After some time he pulled the blanket over his face, and when he came out after a moment his eyes were rolling and his mouth was ajar and he looked totally mad. I got upset. What was happening? Had I misjudged his powers? After all, he was an old man (though how old I had no idea), and I had let him take twelve hundred micrograms. Maybe last time he had thrown them away and then he read my mind and was trying to prove to me he could do it, not realizing how strong the “medicine” really was.
Guilt and anxiety poured through me. But when I looked at him again he was perfectly normal and looking at the watch. At the end of an hour it was obvious nothing had happened. His reactions had been a total put-on. And then he asked, “Have you got anything stronger?” I didn’t. Then he said, “These medicines were used in Kullu Valley long ago. But yogis have lost that knowledge. They were used with fasting. Nobody knows now. To take them with no effect, your mind must be firmly fixed on God. Others would be afraid to take. Many saints would not take this.” And he left it at that.
When I asked him if I should take LSD again, he said, “It should not be taken in a hot climate. If you are in a place that is cool and peaceful, and you are alone and your mind is turned toward God, then you may take the yogi medicine.”

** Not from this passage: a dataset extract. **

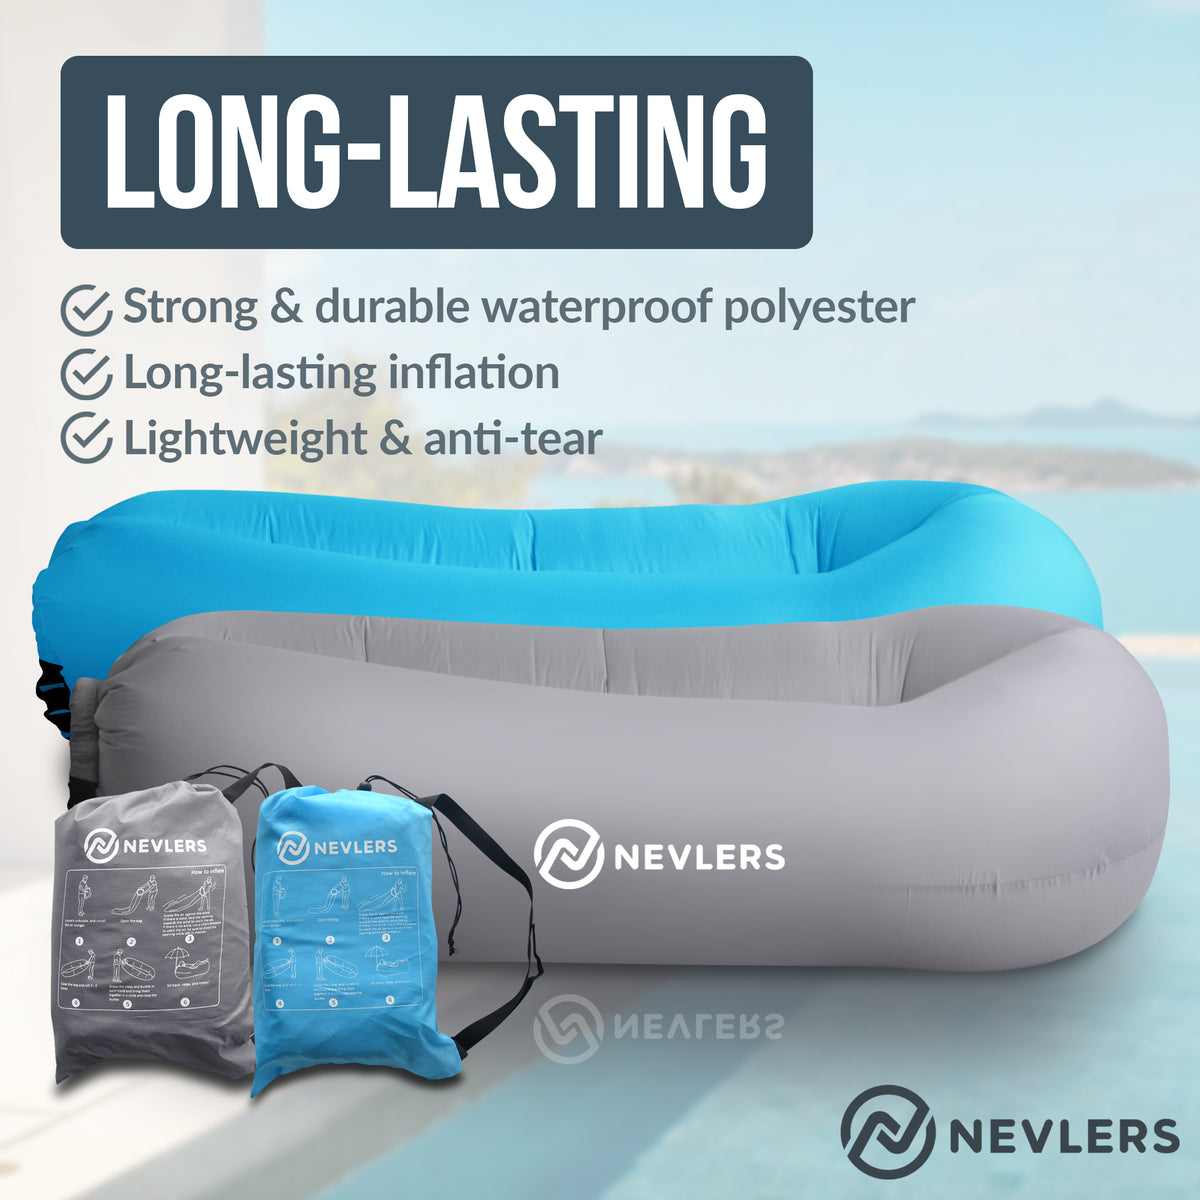 Inflatable Loungers - Blue/Gray - 2 Pack

I didn’t read that until after my recent acid experience. I wish I’d read it before though: it says so much about LSD, and the ways to use it, and the reality of the saint. His mind is already stretched to the infinite: it is like dropping a large rock into the middle of the ocean: it causes no noticeable effect on the whole. But our minds are like puddles, small and cute, and would be obliterated by that rock...which is basically what happens.

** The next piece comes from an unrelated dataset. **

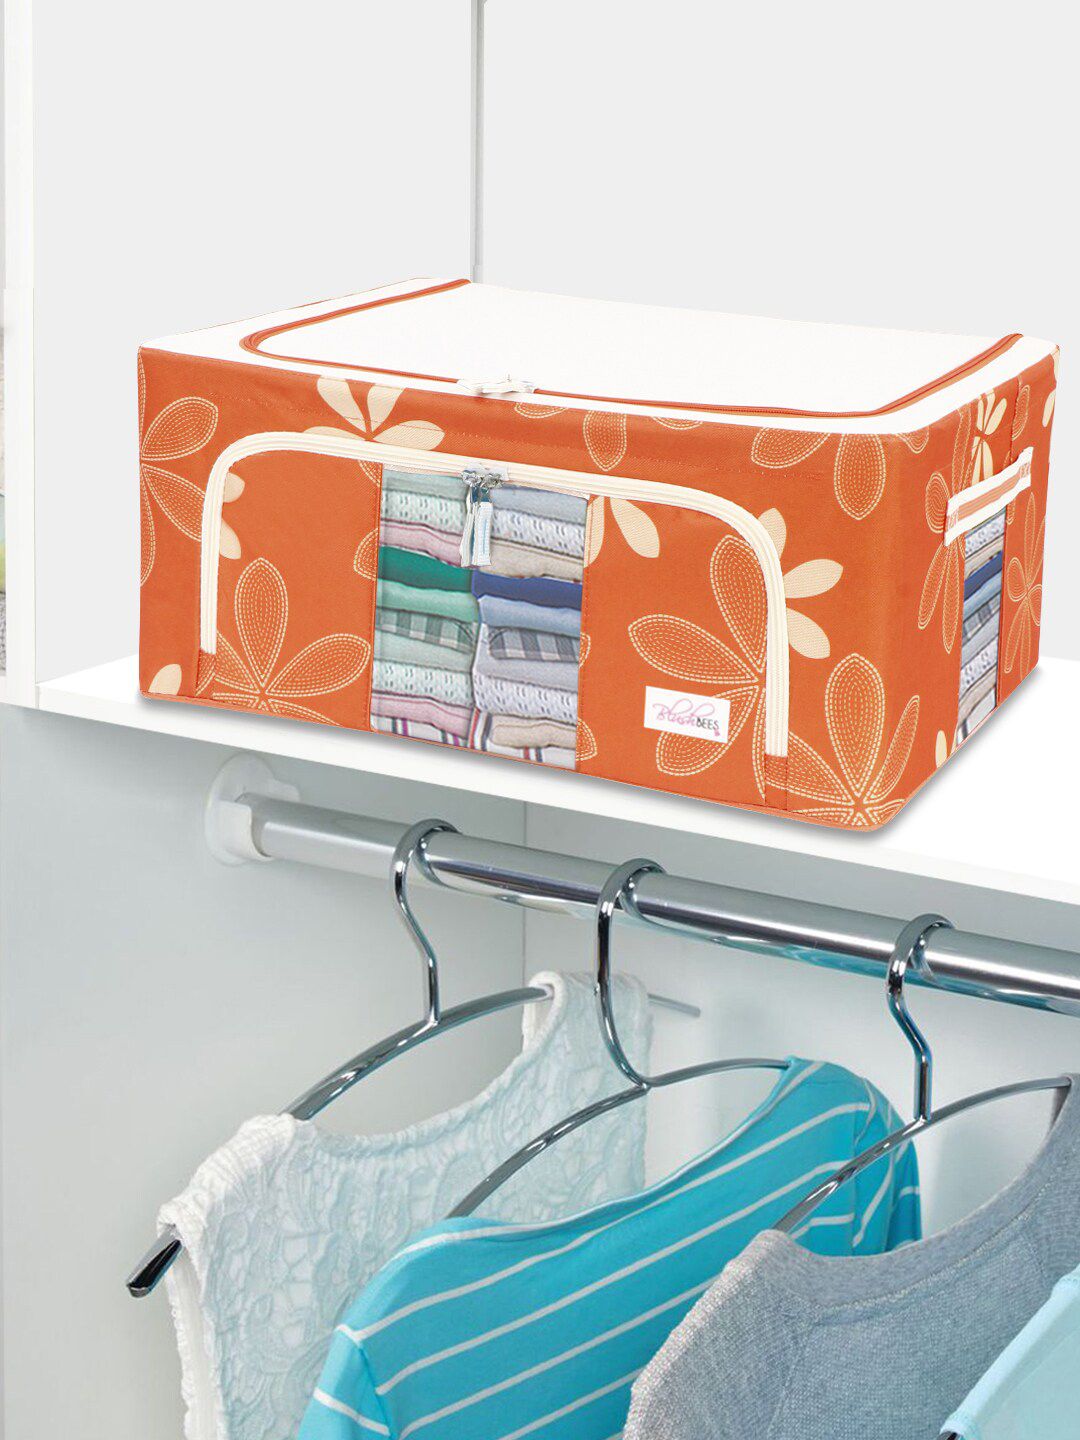 BlushBees Orange Printed Water-Resistant Foldable Storage Box With Transparent Window Price in India

Still, spiritual practice has given me something. Which takes me to my next point:
2. Man, those people on Erowid are some major first-class nutters! I mean, there are one or two that talk a bit of sense but, almost every single one of them is some combination of: young; American; troubled; and totally reckless when it comes to mind-altering substances. I swear, it doesn’t matter what they take, invariably half-way through they will either “smoke a bowl” or try to go to the store to buy some beers. Half the time they’re mixing drugs anyway – just throwing in a casual bit of ketamine or something for good measure. And almost always they’re hanging out with friends, at some party, buzzing around in cars, up all night. It’s no wonder they have some bum trips and end up in emergency rooms. They’re just not doing it right.
Here’s what I wanted to do with the LSD: take it alone; not go outside; not interact with others; not look at things and get into hallucinations and visuals; not get silly; not listen to music; not write or play guitar; just be inside myself in real observatory and internal way and do it calmly and soberly and try and let it give me something wonderful and long-term and real. I wanted to take it early in the morning, so I wouldn’t mess up my sleep (he says, now typing at 3.45am!) and to mainly just sit inside a nest I had made in my tent, which I’d put up at the end of my bed. Honestly, all that other stuff – watching your hand leave trails and giggling with your mates – is just a waste of good LSD.
But I digress: the main point is the quality of one’s mind. The guys on Erowid seem like they’ve got a lot of shit going on inside. Personally, I’d want that shit worked out of me before I did something like this. Or maybe it helps: I dunno. But I’ve come to the conclusion that substances like LSD aren’t scary, it’s people’s minds that are scary: all you get is your own mind coming back at you. People get paranoid and afraid and freakout because they’ve got paranoia and fear inside themselves already. Also, it’s powerful medicine and you have to have a real strong and collected mind to deal with and understand some of the things that arise. I had a moment where I could see the floor start to form itself into bugs – and I just knew if I had a different mind those bugs would have come alive and maybe started crawling all over me. But because I had no interest in that sort of thing, and knew they weren’t bugs anyway, just visual distortions, I looked a little closer, watched them all disappear, and got back to my meditations. That’s where the real gold is. Because of the work I’ve done over the years there wasn’t a single moment of bad in the whole thing. Which is in stark contrast to what I experienced some eighteen years ago. Just like when I went to the monastery and spent a week in my own head and saw that it was all good, taking that acid really does appear to have shown me that my psyche is pretty much cleaned.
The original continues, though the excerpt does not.